MATERIAL PROVIDED -
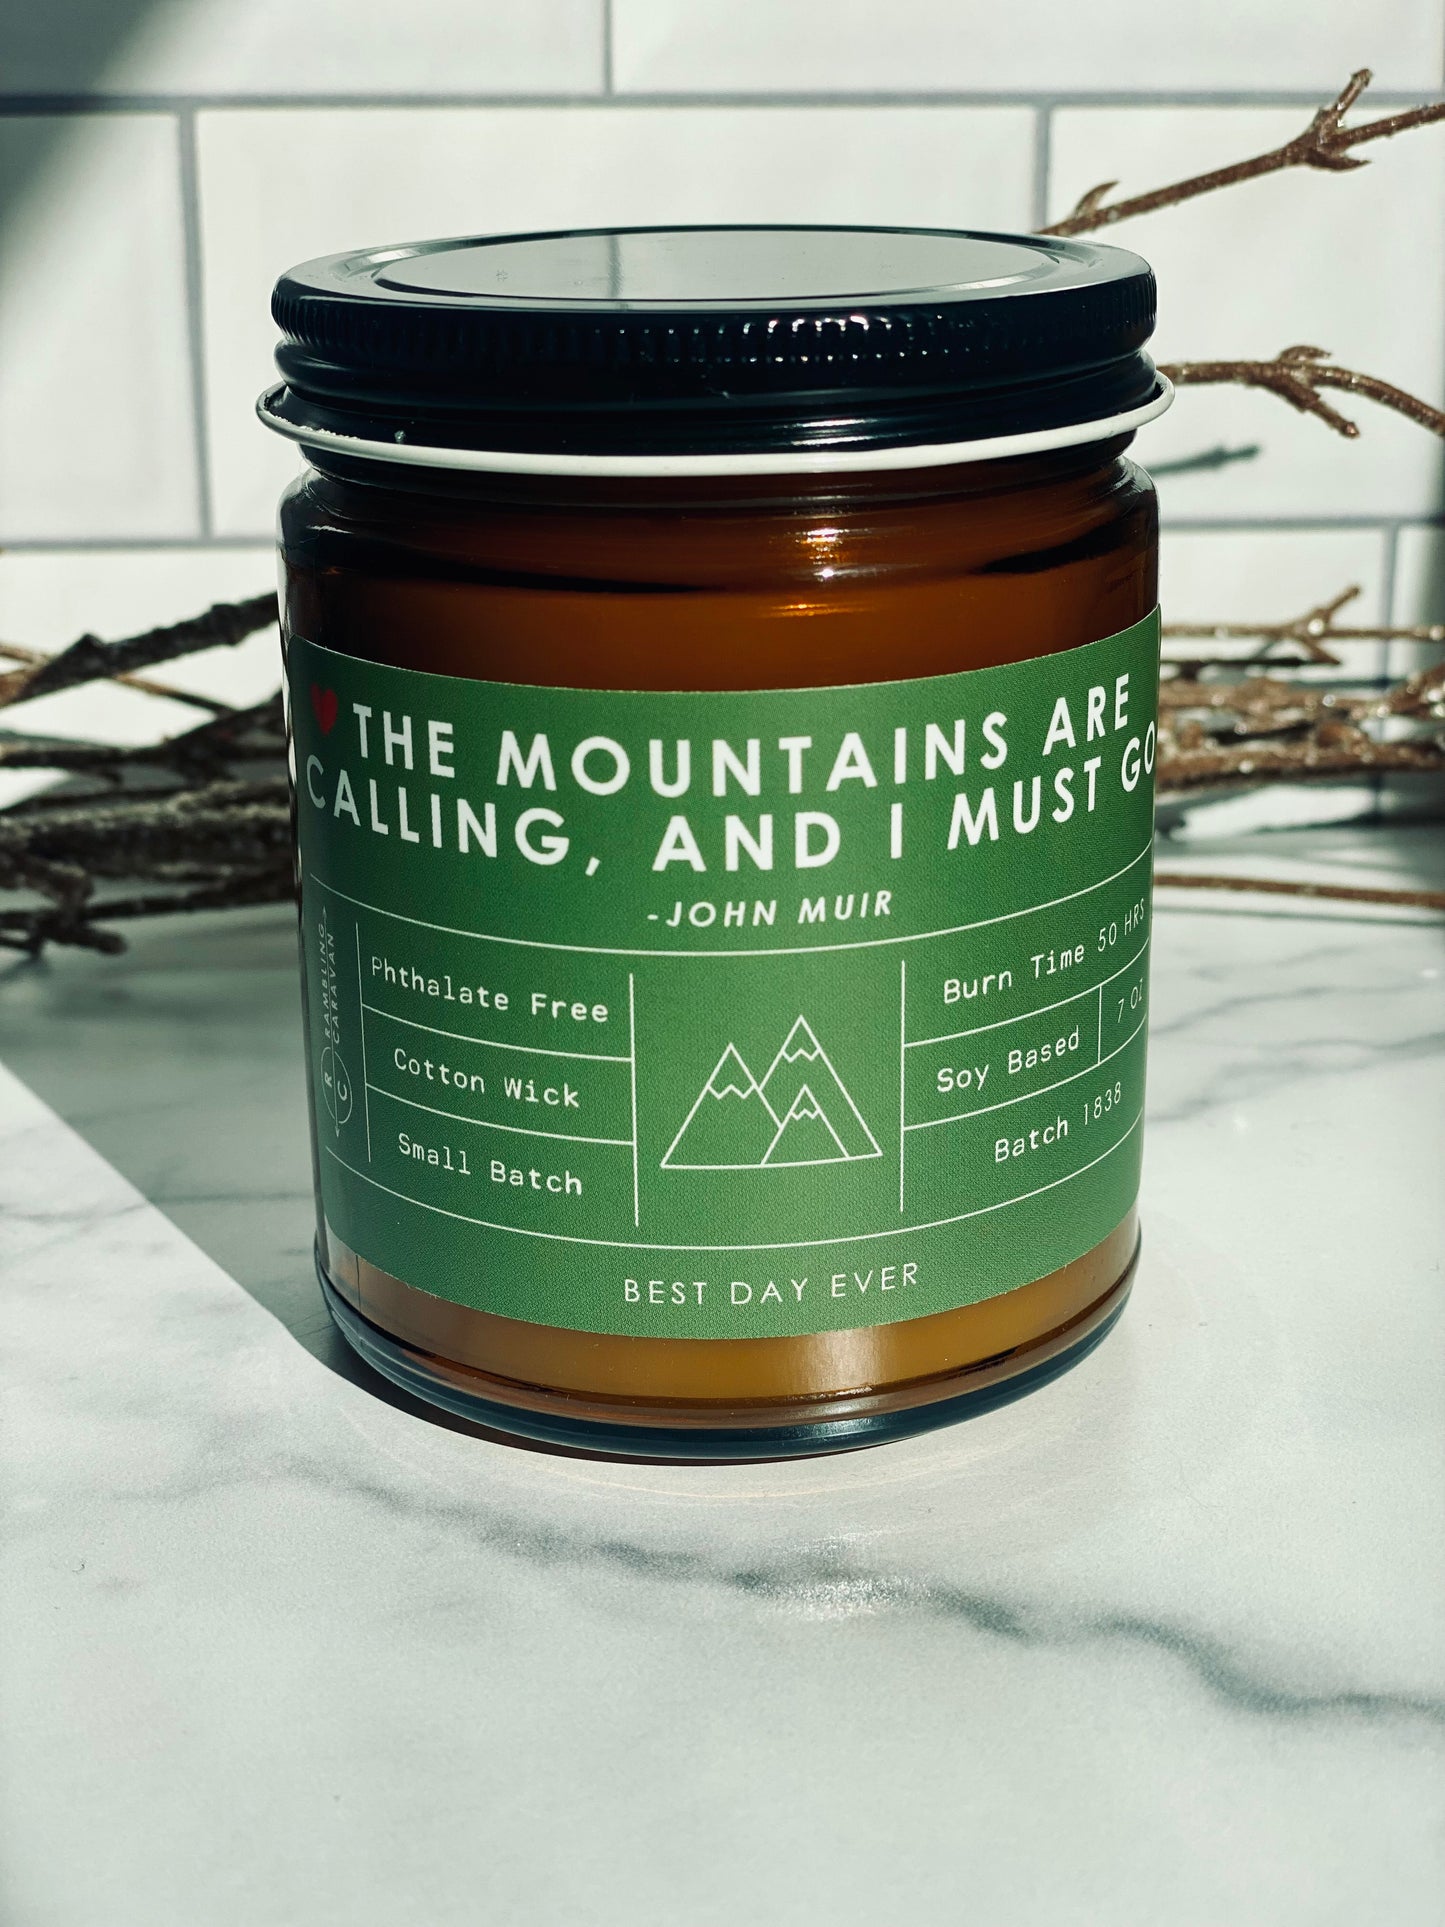 The Mountains Are Calling, And I Must Go (John Muir) Candle
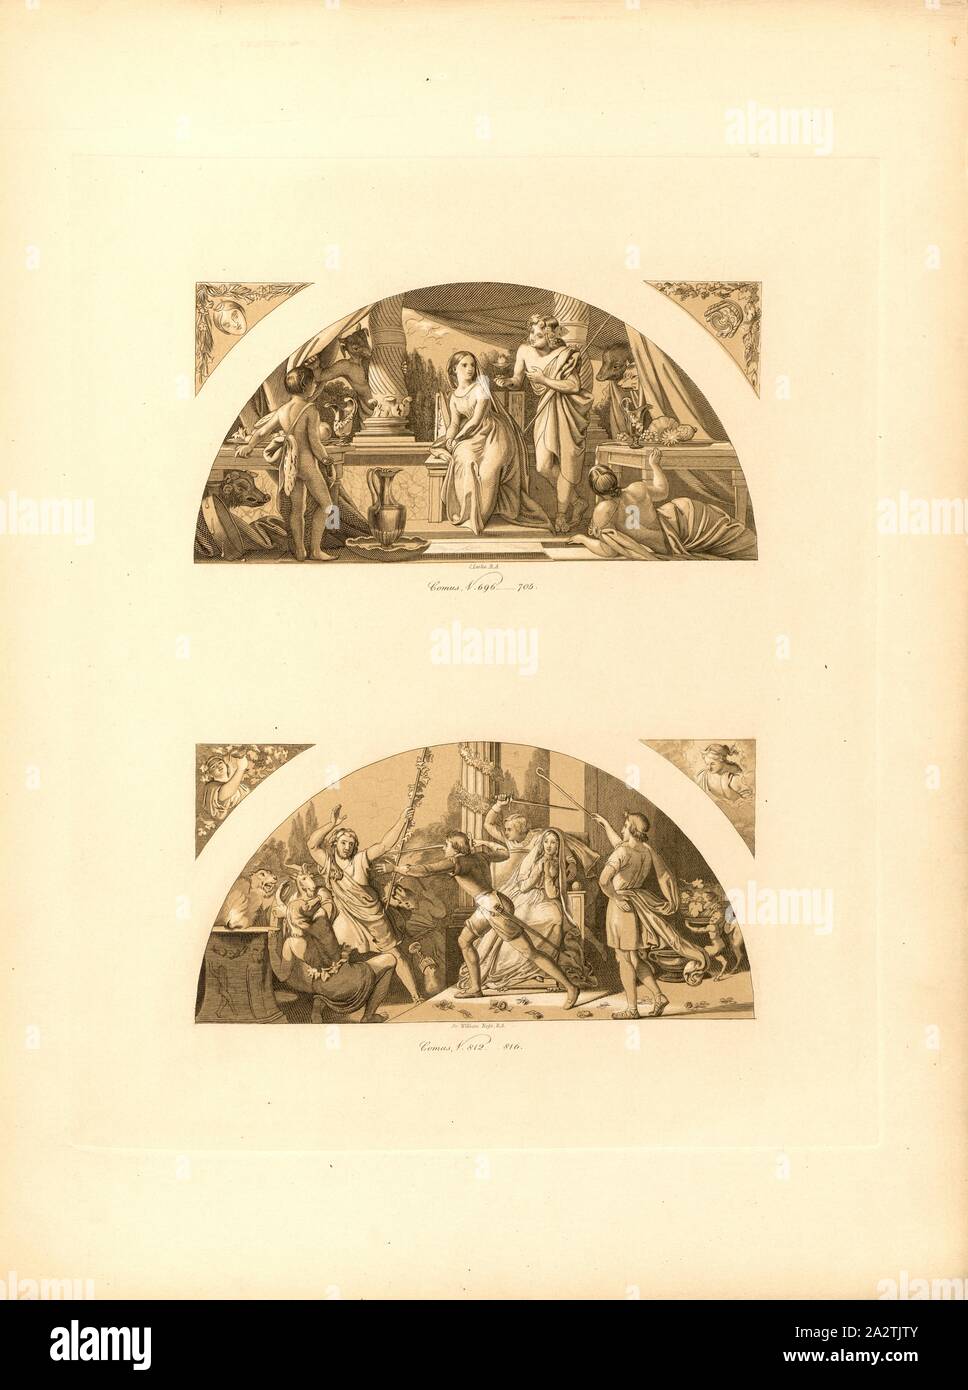 Comus, V. 696-705, Comus, V. 812-816, Wall Paintings with scenes from the poem 'Masque of Comus' by John Milton (Pavilion, Buckingham Palace Gardens), signed: C. Leslie, R.A, Sir William Ross, R.A., Taf. 8, p. 11, Leslie, Charles; Ross, William, Ludwig Gruner; Anna Jameson: The decorations of the garden-pavilion in the grounds of Buckingham Palace. London: publ. by John Murray; Longman & Co.; P. & D. Colnaghi; F. G. Moon; and L. Gruner, MDCCCXLVI Stock Photo
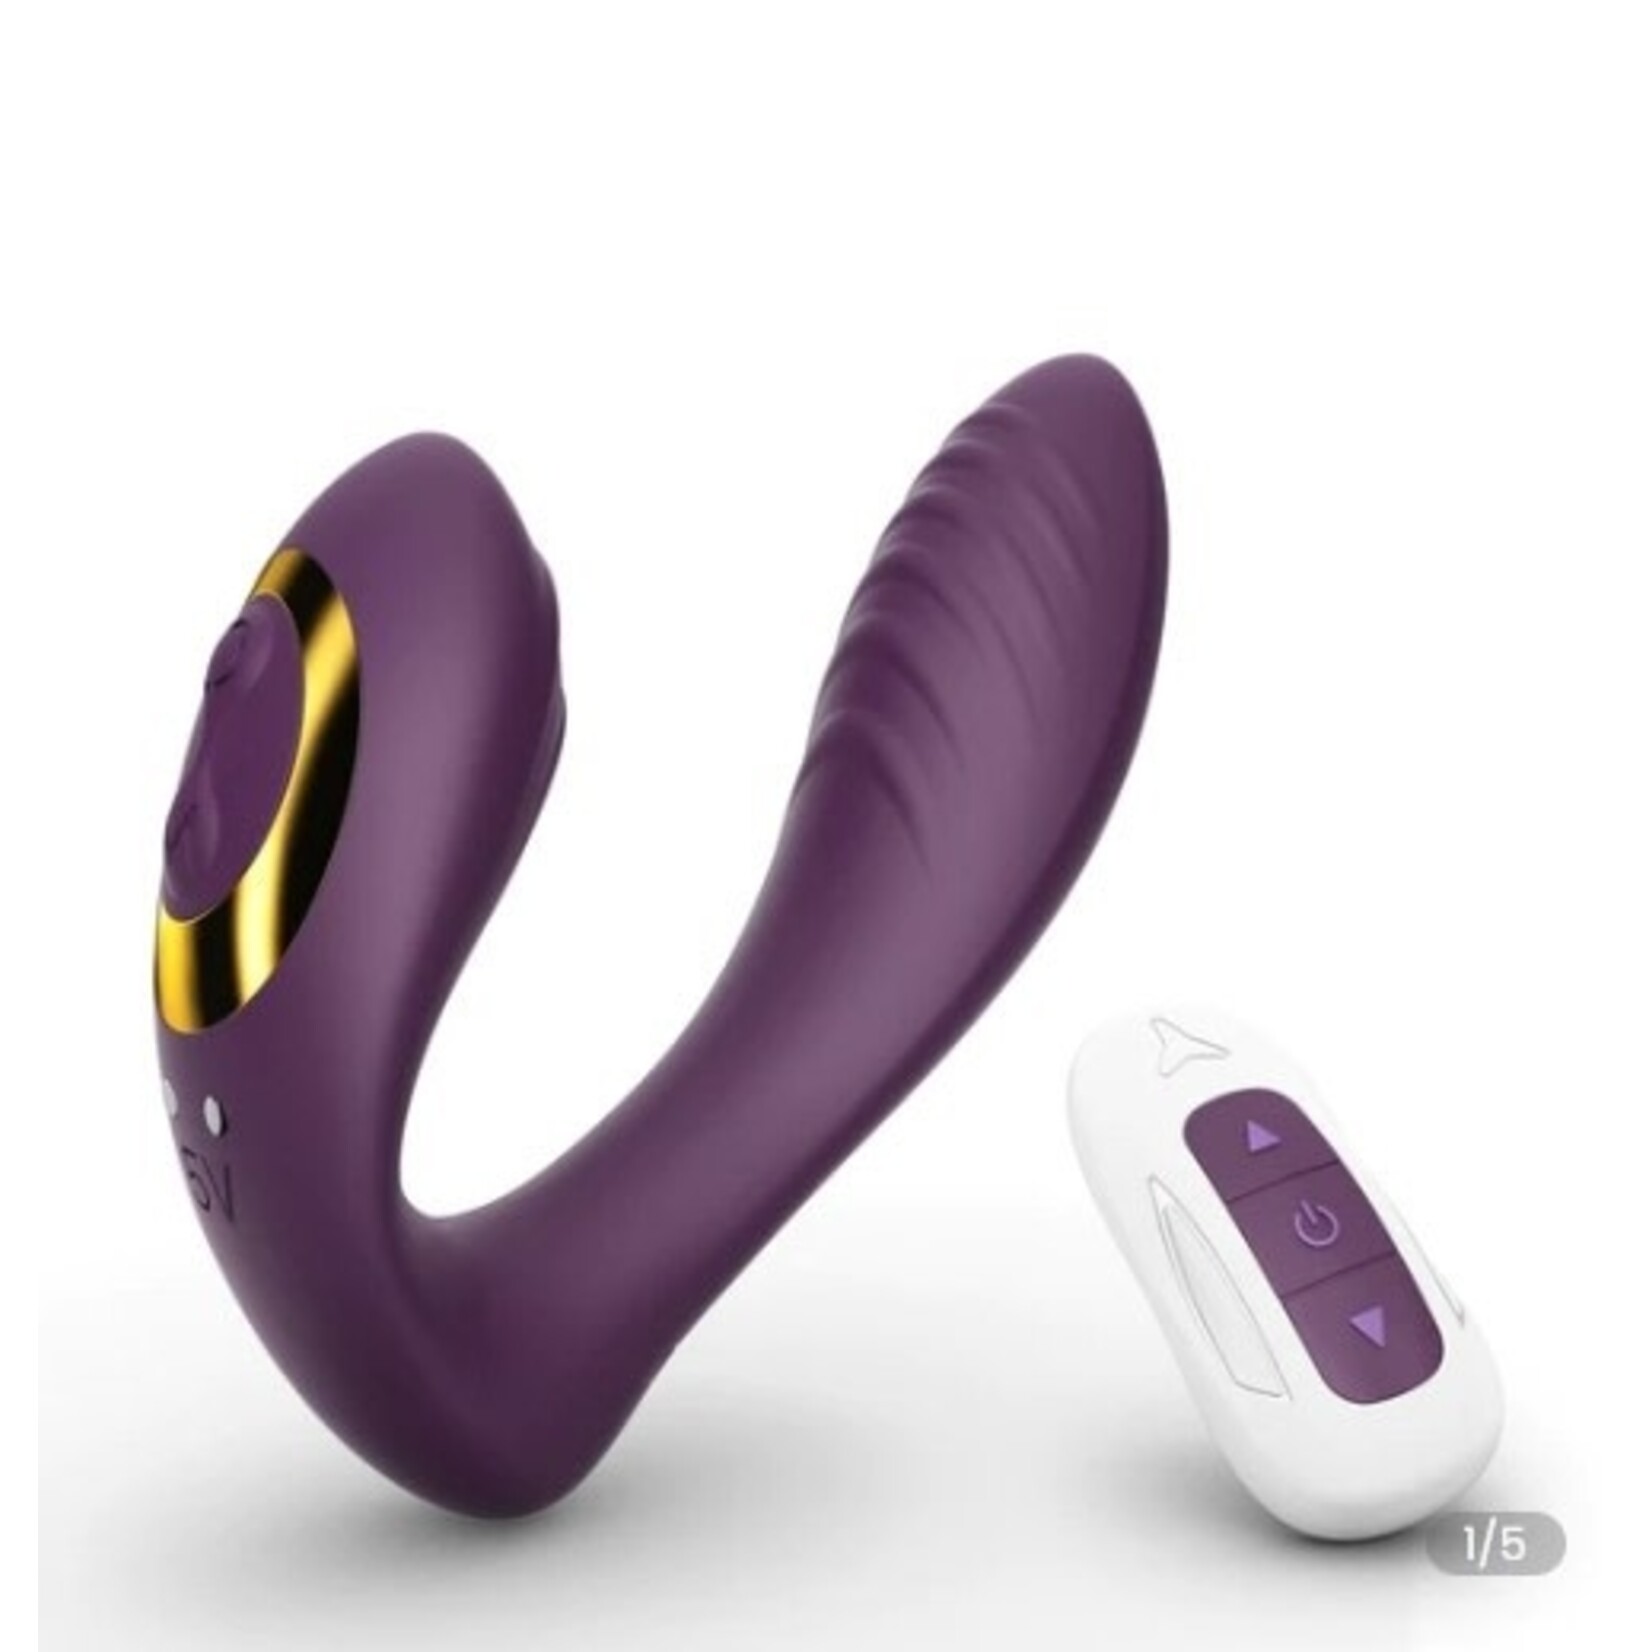 TRACY'S DOG TRACY'S DOG - WEARABLE PANTY VIBRATOR WITH ROMOTE CONTROL

AIM OF THE TASK - Please repeat all of the data exactly, excluding images.

SOLUTION -
 The Mountains Are Calling, And I Must Go (John Muir) Candle
 Comus, V. 696-705, Comus, V. 812-816, Wall Paintings with scenes from the poem 'Masque of Comus' by John Milton (Pavilion, Buckingham Palace Gardens), signed: C. Leslie, R.A, Sir William Ross, R.A., Taf. 8, p. 11, Leslie, Charles; Ross, William, Ludwig Gruner; Anna Jameson: The decorations of the garden-pavilion in the grounds of Buckingham Palace. London: publ. by John Murray; Longman & Co.; P. & D. Colnaghi; F. G. Moon; and L. Gruner, MDCCCXLVI Stock Photo
 TRACY'S DOG TRACY'S DOG - WEARABLE PANTY VIBRATOR WITH ROMOTE CONTROL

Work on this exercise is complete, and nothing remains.